In either cyclic or non-cyclic access, we can use a context manager to start and stop the loader class.

with tf.Session() as sess:
    with loader.begin(sess):
        # Loop

Quick access to a single dataset

It is highly recommended that you use a single dataset, this allows you to use unordered access which is a fastest way of reading data. If you have multiple sources of data, such as labels and images, then you should organise them into a table. This also has performance benefits due to the locality of the data.

When you only have one dataset, the function load_dataset is provided to set up the reader and loader for you. Any preprocessing that need to be done CPU side before loading into the queue can be written as a function that generates a Tensorflow graph. This input transformation function is fed into load_dataset as an argument.

The input transform function should return a list of tensors that will be stored in the queue. The input transform is required when the dataset is a table, as the dictionary needs to be turned into a list.

# This function preprocesses the batches before they
# are loaded into the internal queue.
# You can cast data, or do one-hot transforms.
# If the dataset is a table, this function is required.
def input_transform(tbl_batch):
    labels = tbl_batch['label']
    data = tbl_batch['data']

    truth = tf.to_float(tf.one_hot(labels, num_labels, 1, 0))
    data_float = tf.to_float(data)

    return truth, data_float

# Open the HDF5 file and create a loader for a dataset.
# The batch_size defines the length (in the outer dimension)
# of the elements (batches) returned by the reader.
# Takes a function as input that pre-processes the data.
loader = tftables.load_dataset(filename='path/to/h5_file.h5',
                               dataset_path='/internal/h5/path',
                               input_transform=input_transform,
                               batch_size=20)

# To get the data, we dequeue it from the loader.
# Tensorflow tensors are returned in the same order as input_transformation
truth_batch, data_batch = loader.dequeue()

# The placeholder can then be used in your network
result = my_network(truth_batch, data_batch)

with tf.Session() as sess:

    # This context manager starts and stops the internal threads and
    # processes used to read the data from disk and store it in the queue.
    with loader.begin(sess):
        for _ in range(num_iterations):
            sess.run(result)

When using load_dataset the reader is automatically closed when the loader is stopped.

Accessing multiple datasets

If your HDF5 file has multiple datasets (multiple arrays, tables or both) then you should write a script to transform it into a file with only a single table. If this isn’t possible, then you can access the datasets directly through tftables, but must do so using ordered access (otherwise the datasets can get out of sync).

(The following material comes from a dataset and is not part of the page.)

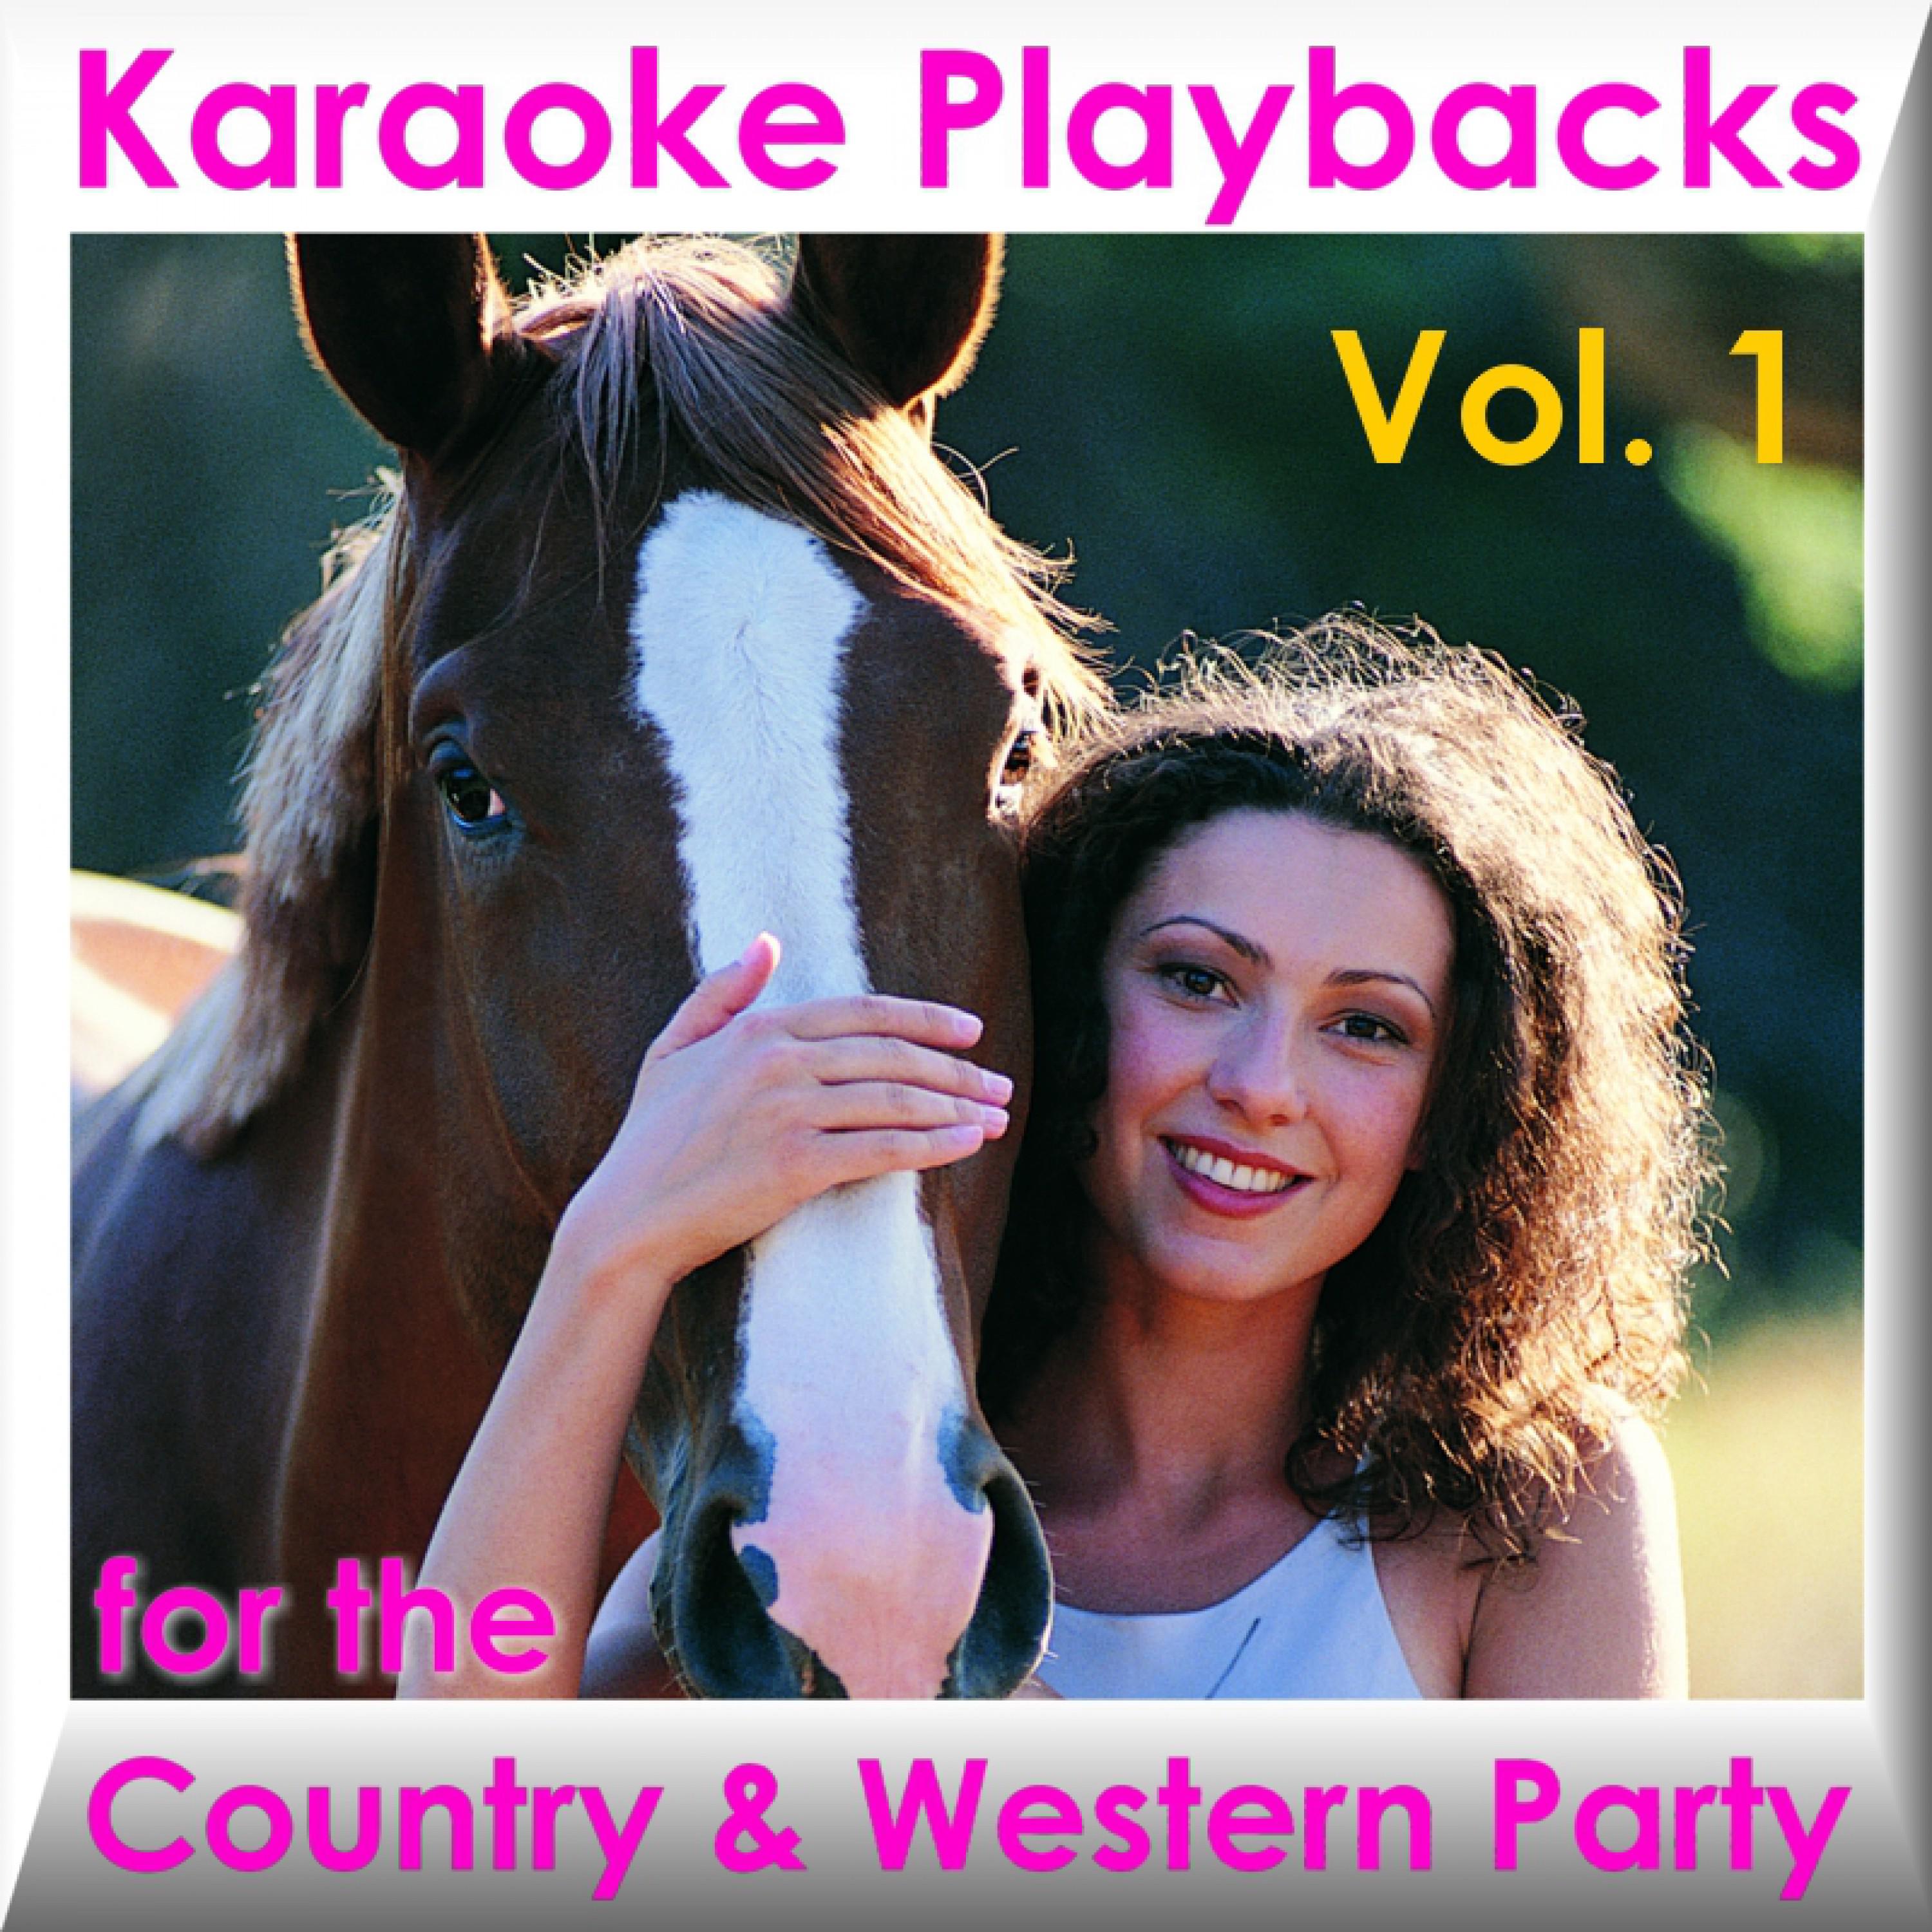 Karaoke Playbacks for the Country & Western Party Vol. 1

# Use get_batch to access the table.
# Both datasets must be accessed in ordered mode.
table_batch_dict = reader.get_batch(
    path = '/internal/h5_path/to/table',
    ordered = True)
col_A_pl, col_B_pl = table_batch_dict['col_A'], table_batch_dict['col_B']

# Now use get_batch again to access an array.
# Both datasets must be accessed in ordered mode.
labels_batch = reader.get_batch('/my_label_array', ordered = True)
truth_batch = tf.one_hot(labels_batch, 2, 1, 0)

# The loader takes a list of tensors to be stored in the queue.
# When accessing in ordered mode, threads should be set to 1.
loader = reader.get_fifoloader(
    queue_size = 10,
    inputs = [truth_batch, col_A_pl, col_B_pl],
    threads = 1)

# Batches are taken out of the queue using a dequeue operation.
# Tensors are returned in the order they were given when creating the loader.
truth_cpu, col_A_cpu, col_B_cpu = loader.dequeue()

# The dequeued data can then be used in your network.
result = my_network(truth_cpu, col_A_cpu, col_B_cpu)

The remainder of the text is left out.